**Raw data**

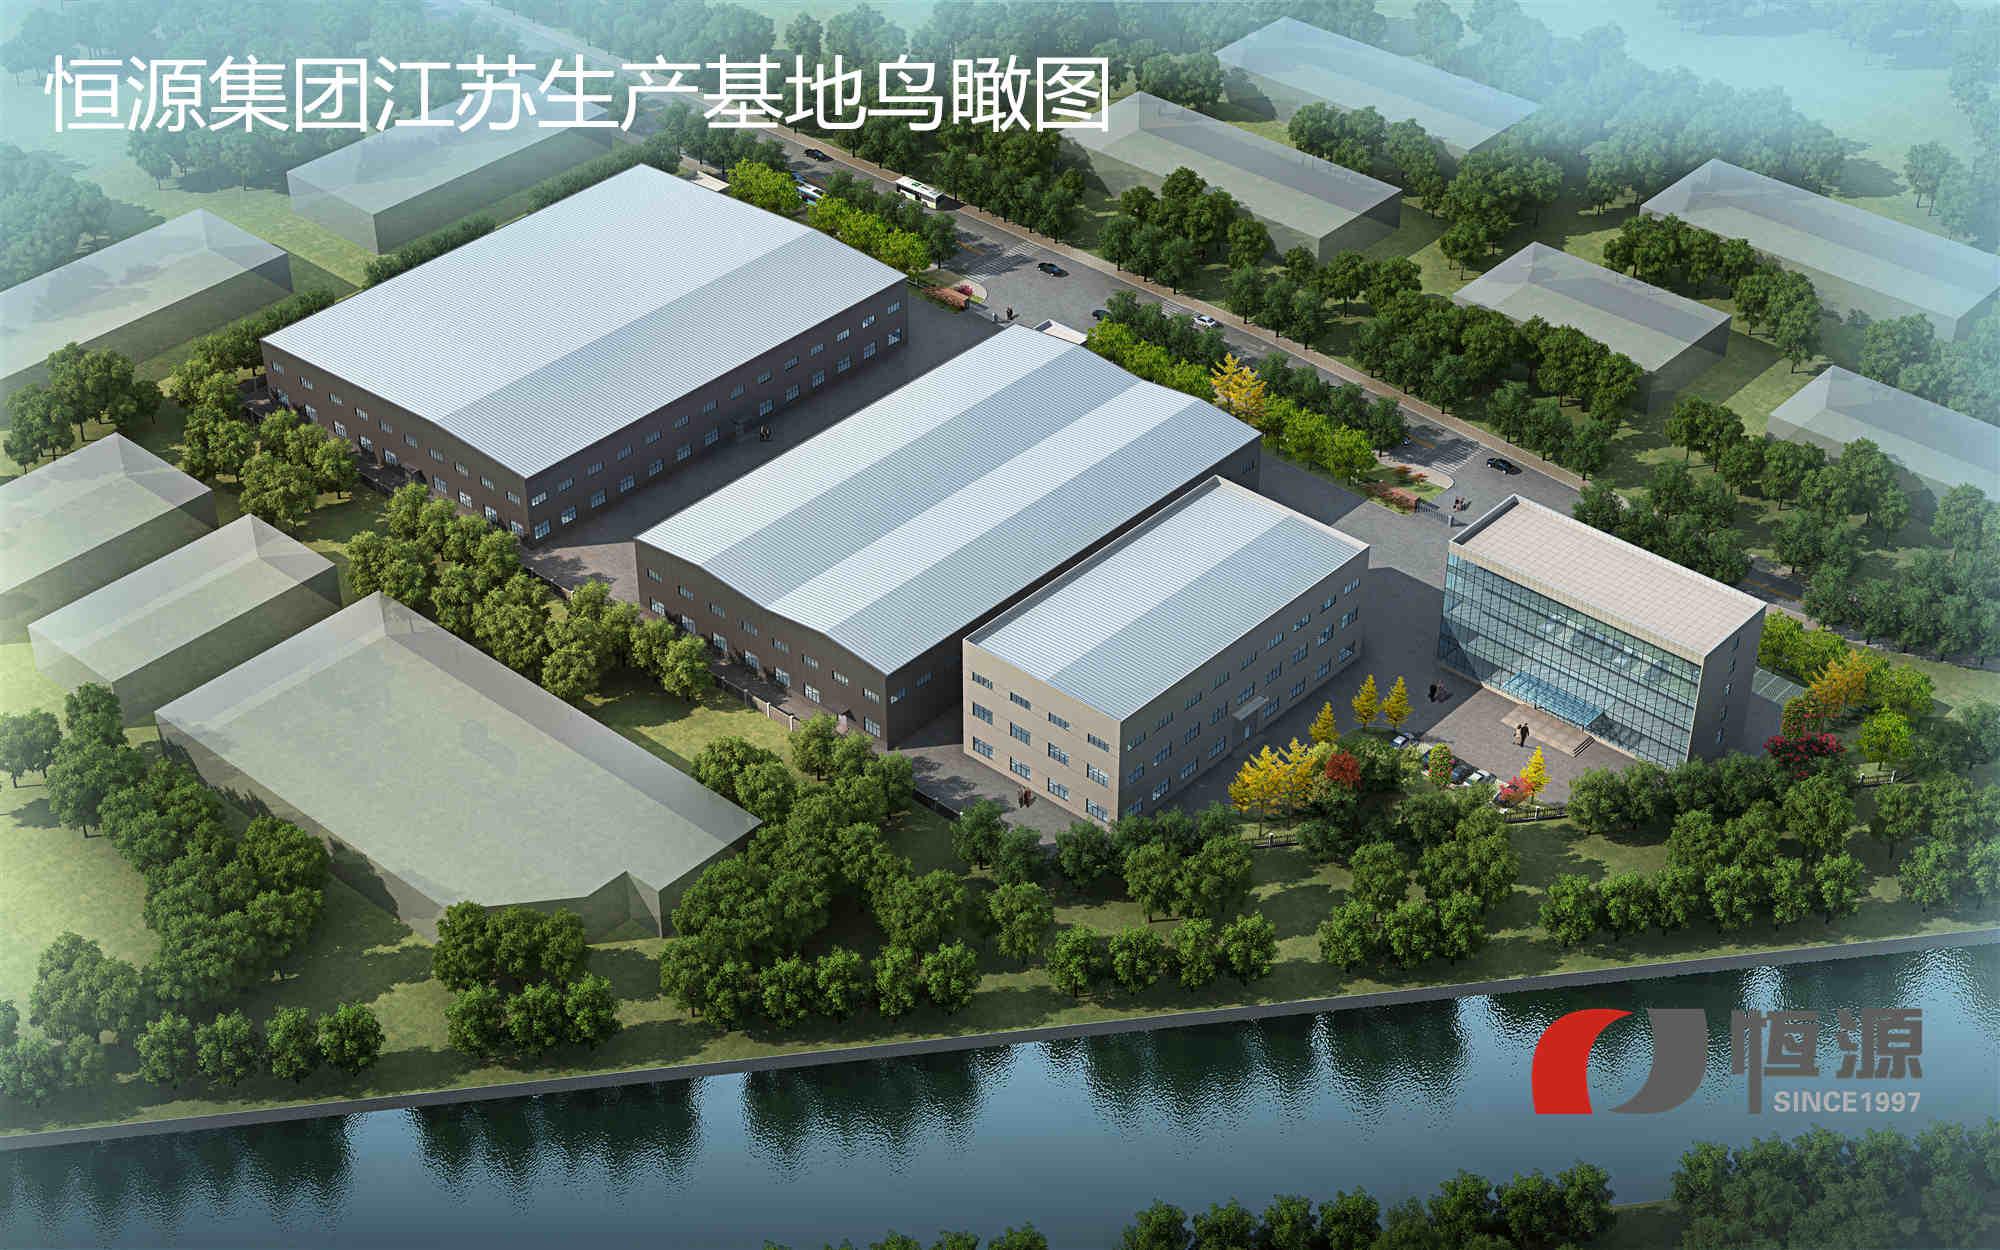 <b>恒源矿山,中国大型制砂机厂家之楷模</b>
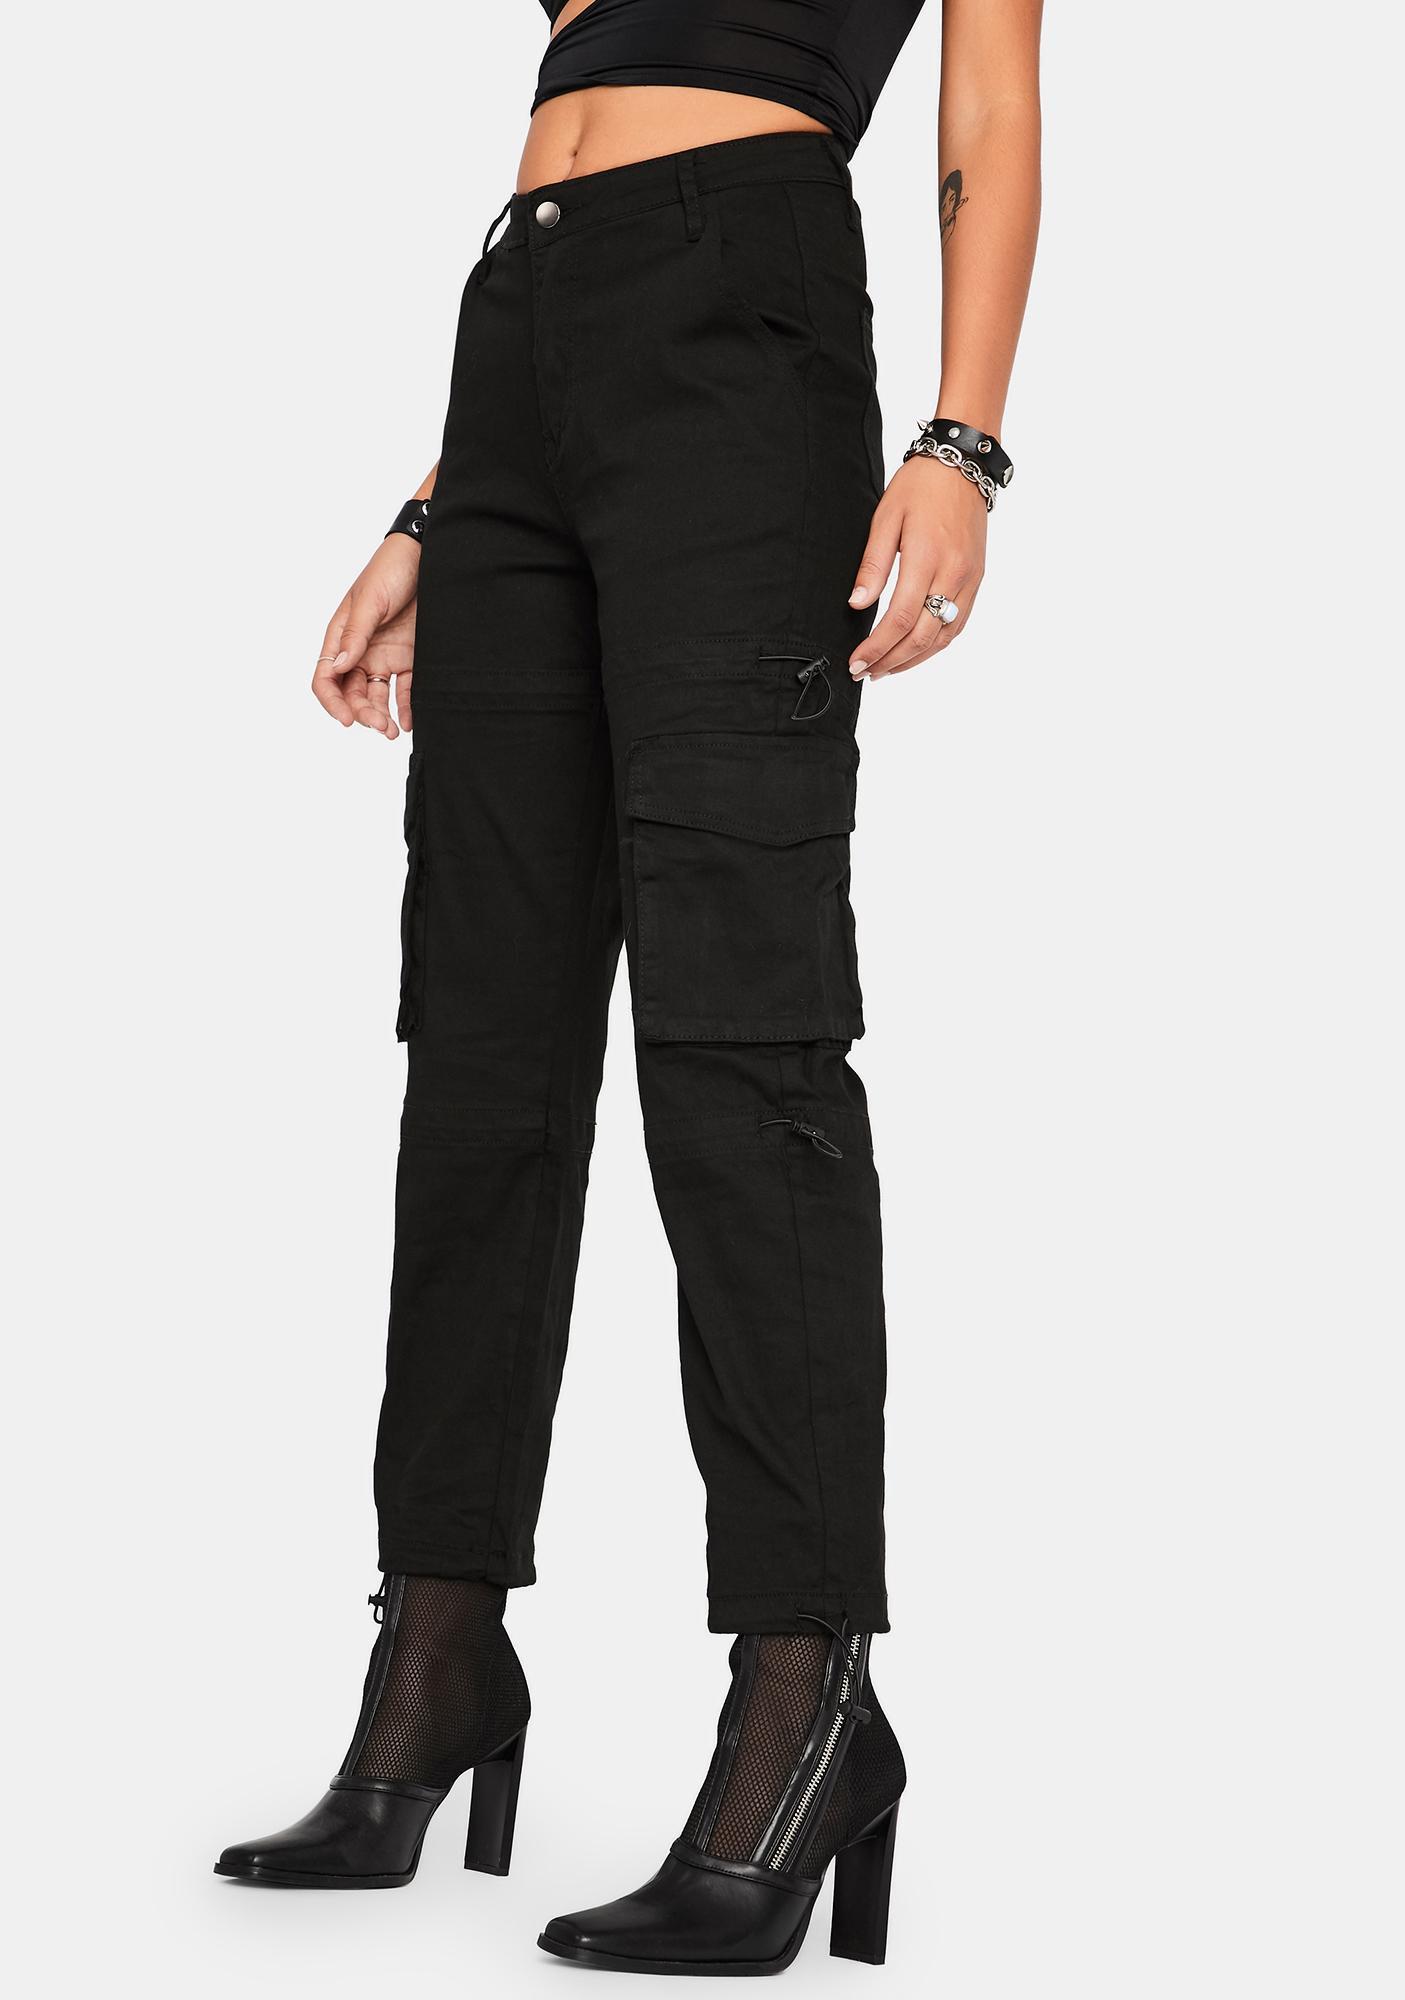 Worldwide Baddie Cargo Pants
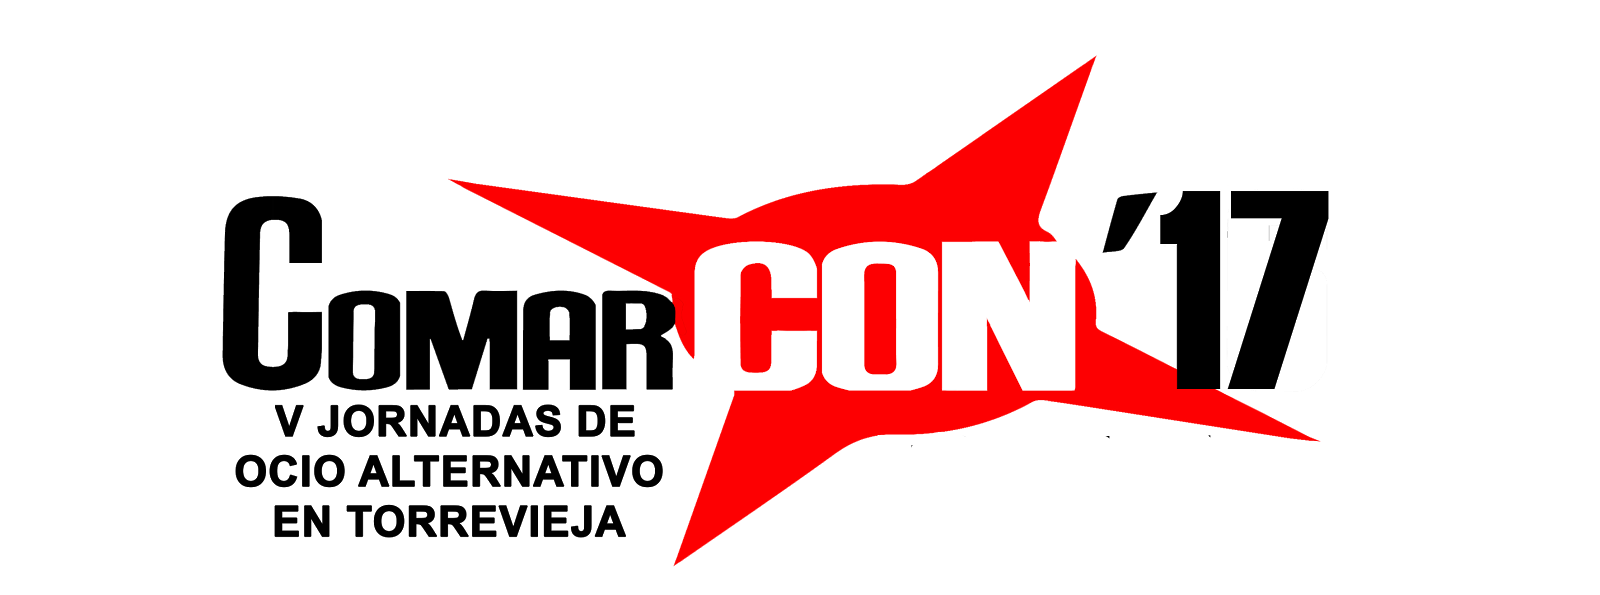 La ComarCON
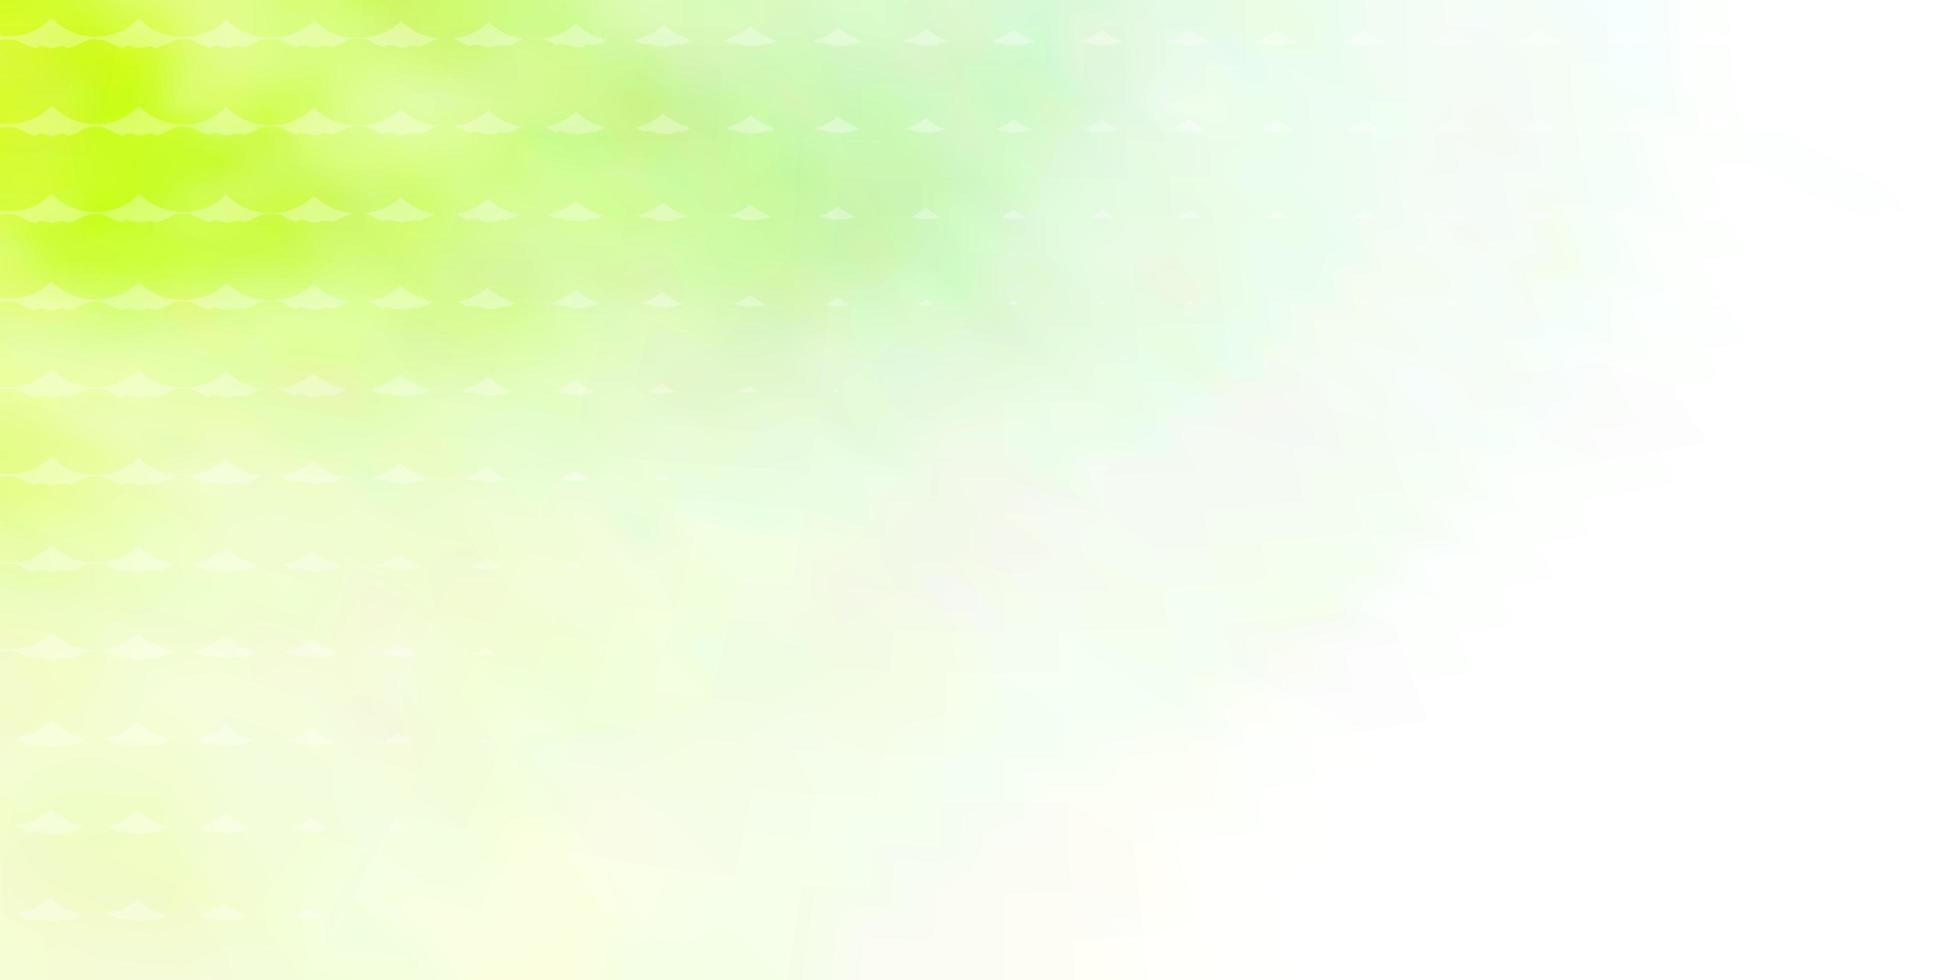 lichtgroene achtergrond met cirkels. vector

**Try it**
Write the data above out exactly. Leave out any pictures.

**Solution below**
 <b>恒源矿山,中国大型制砂机厂家之楷模</b>
 Worldwide Baddie Cargo Pants
 La ComarCON
 lichtgroene achtergrond met cirkels. vector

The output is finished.